By 1989, Dylan’s Deadheaddom had turned to something of an obsession. That February, he arrived at the LA Forum, inviting himself to sit-in and demanding to play “Dire Wolf.” (Perhaps he was inspired by the two nights Neil Young invited himself to play with Bob the previous year.) Dylan joined the band for the first half of the second set, but--for the most part--only played guitar. When they got to “Stuck Inside of Mobile,” the other Bob took the mic, Spike only stepping in when Weir forgot the words.
The next day, Dylan personally called the Dead’s office and asked if he could join the band, like, as a member. They had to have a vote, and it had to be unanimous. Perhaps obviously, it wasn’t. (Phil Lesh has been cited as the likely dissenter.)

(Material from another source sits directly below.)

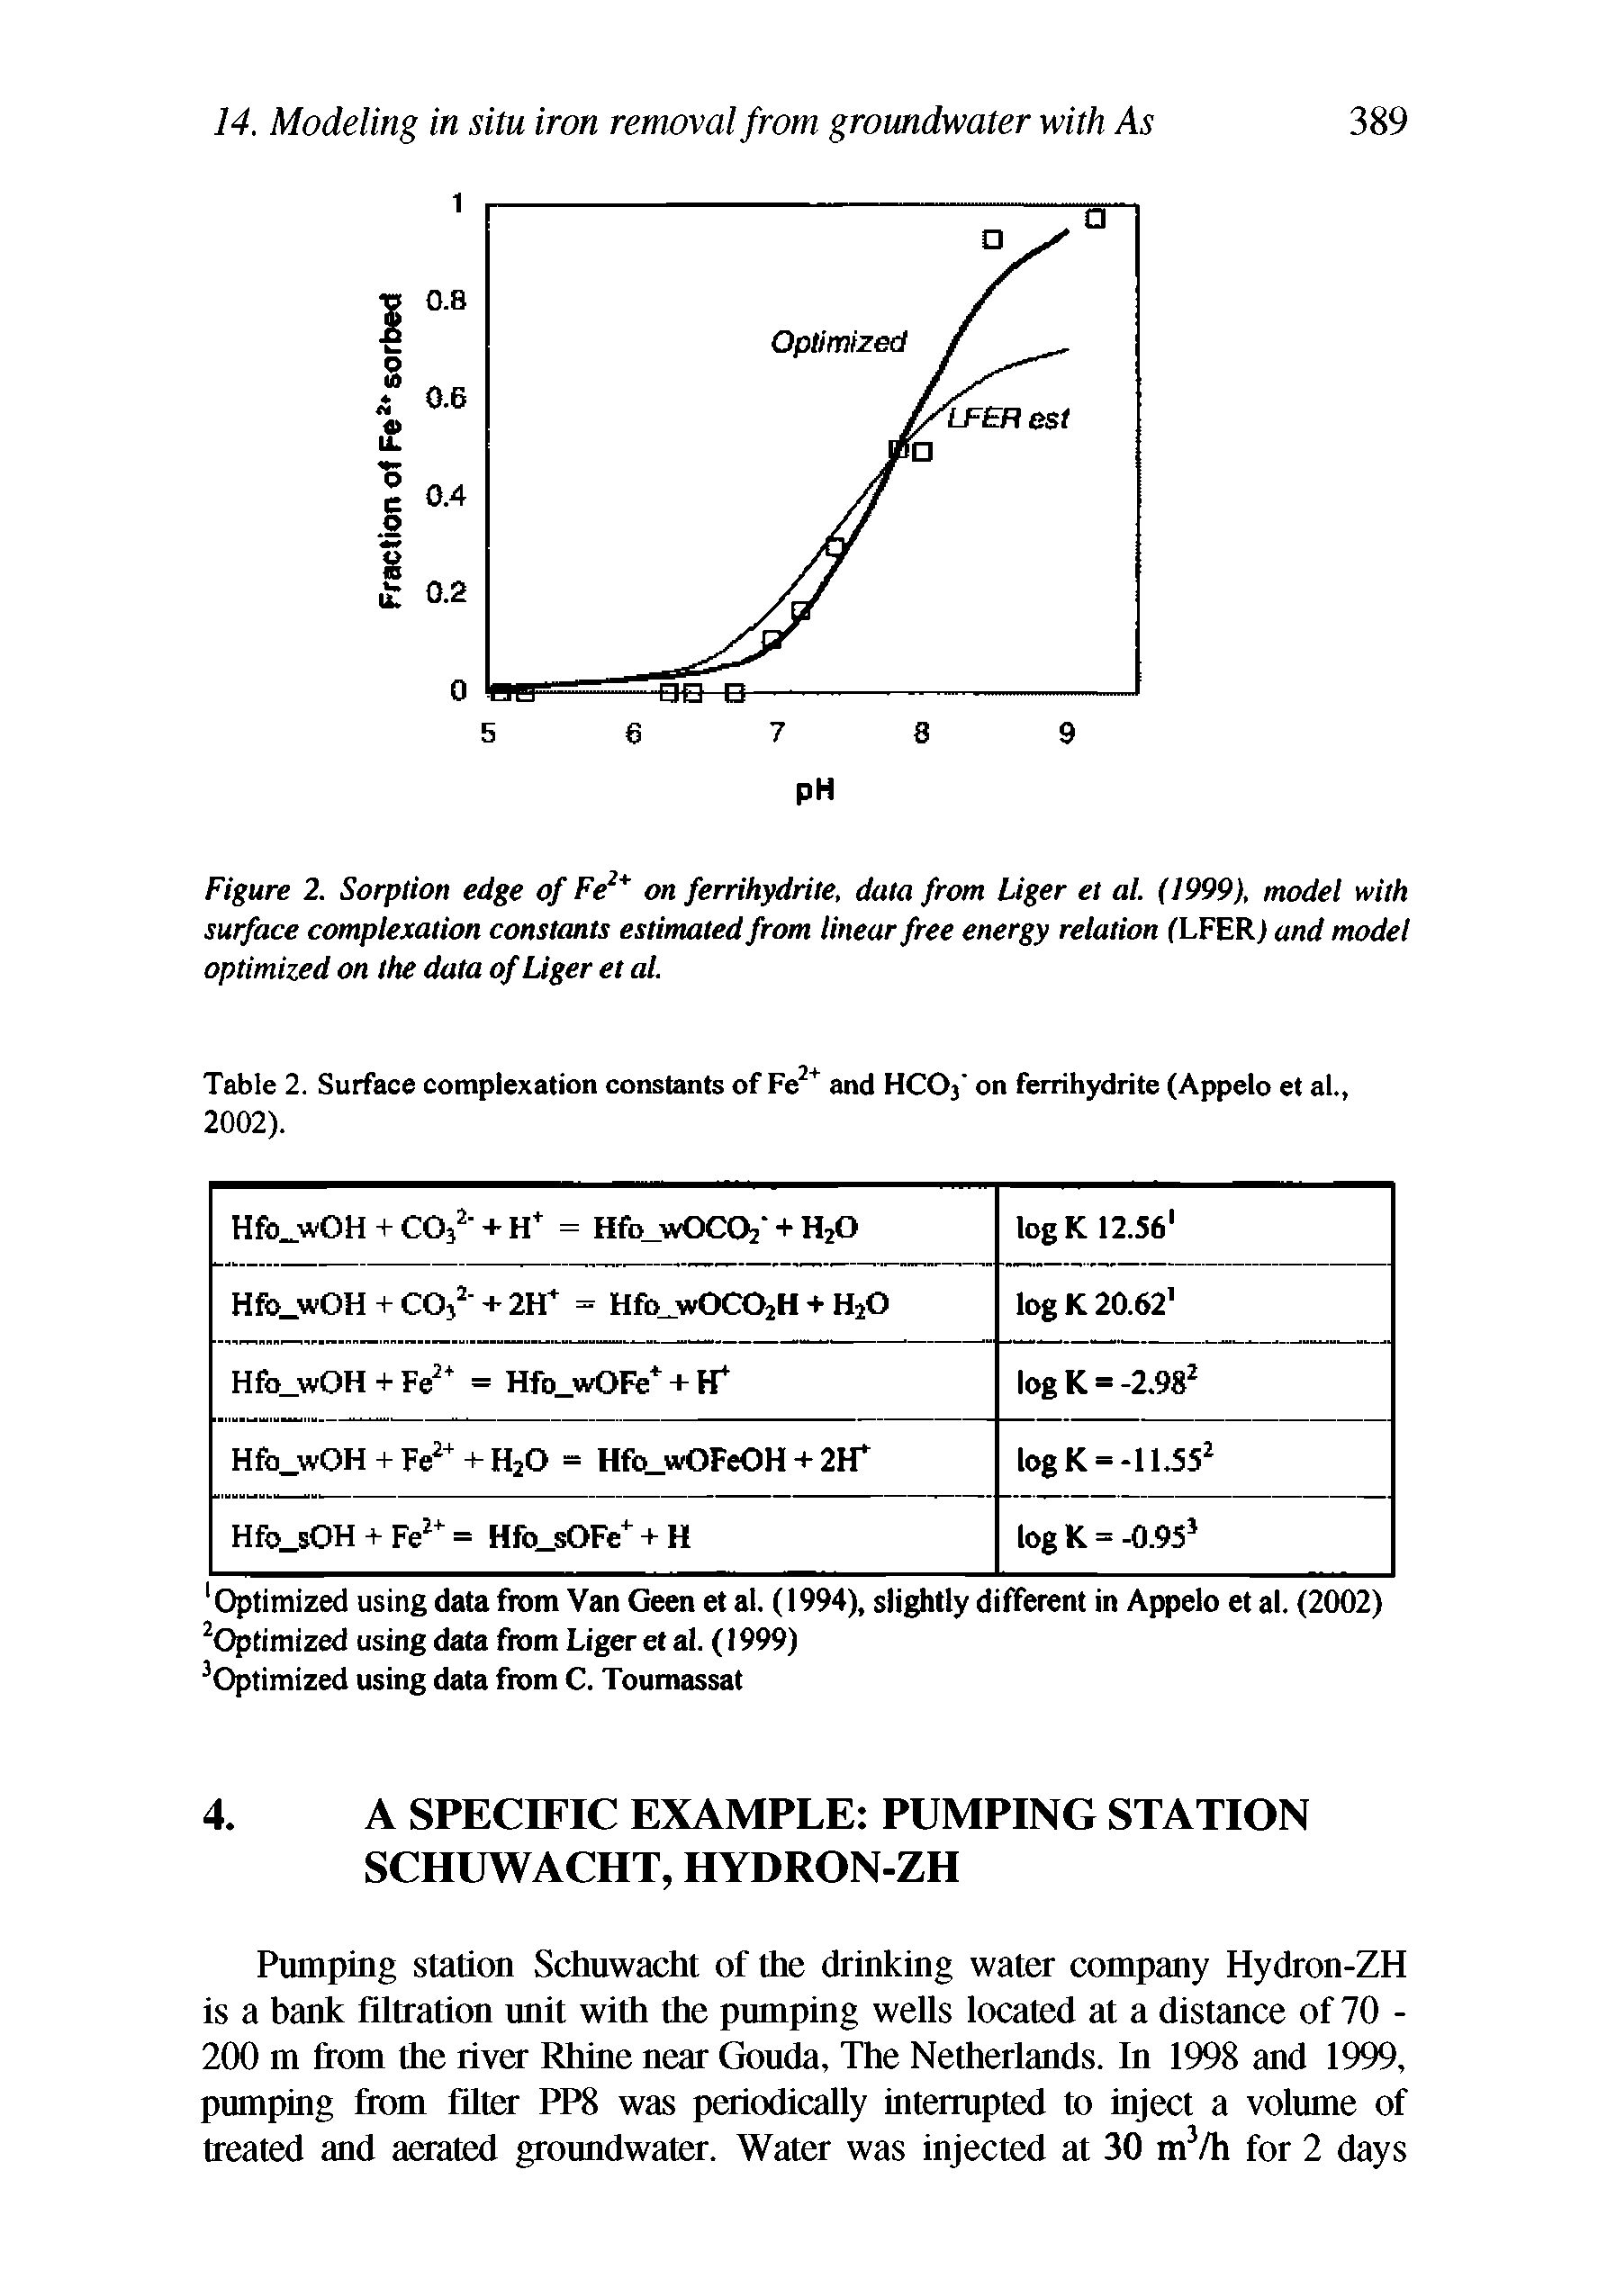 Table 2. Surface complexation constants of Fe and HC03 on ferrihydrite (Appelo et al., 2002).
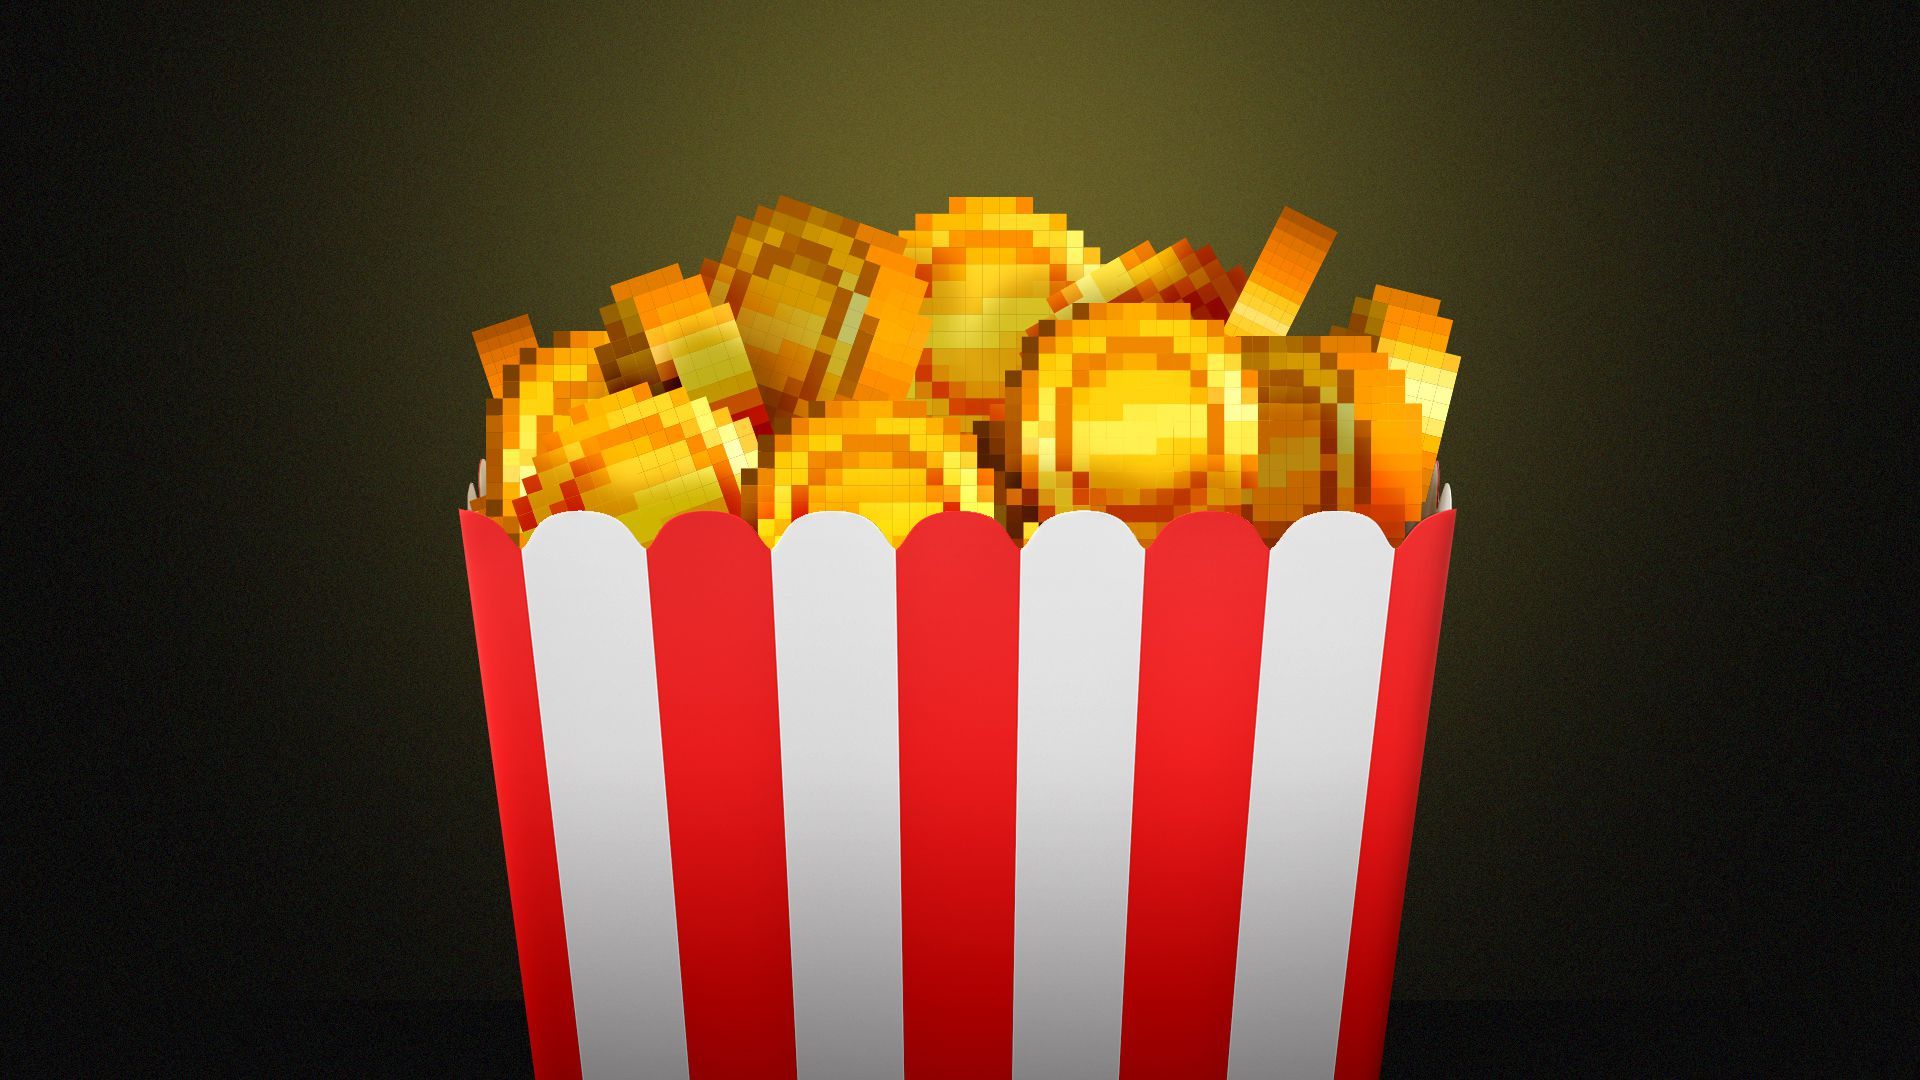 Illustration of a popcorn box filled with pixelated coins

Dylan himself became even more of a Deadhead after his tour with them.  The Dead influence on his live shows is undeniable. In the early ‘90s, he began to integrate Garcia/Hunter covers into his live sets, including “Friend of the Devil,” “West L.A. Fadeaway,” “Alabama Getaway,” and “Black Muddy River.” A friend of mine has posited a theory about the first half of a particular Dylan show in the fall of ’92 being a shout-out to Garcia, with the first 7 songs being a combination of Dead tunes (“West L.A. Fadeaway”), Dylan tunes Jerry and/or the Dead covered (“Positively 4th Street”), and material they shared (“Peggy-O”). And even if it wasn’t intentional, the math says a lot.
Garcia sat in with Dylan a few more times, too, one in ’92 at the Warfield (a misfired but still enjoyable “Idiot Wind”) and ’95 at R.F.K. Stadium, on Garcia’s final tour (“Train to Cry” is especially the right pace, “Rainy Day Women” has a crashing little jam-off). It’s sadly fitting that Garcia and Dylan’s friendship was only seeming to deepen during these years, ending with yet another heartbreaking missed opportunity: a proposed fall ’95 acoustic duo tour, which both had orally agreed to, according to Dennis McNally’s bio. It was Dylan, too, that provoked what proved to be Garcia’s last studio session in July of 1995, Garcia gathering himself for a cover of Jimmie Rodgers’ “Blue Yodel #9” with David Grisman and pals for a tribute album Dylan put out on his own infrequently invoked Egyptian imprint.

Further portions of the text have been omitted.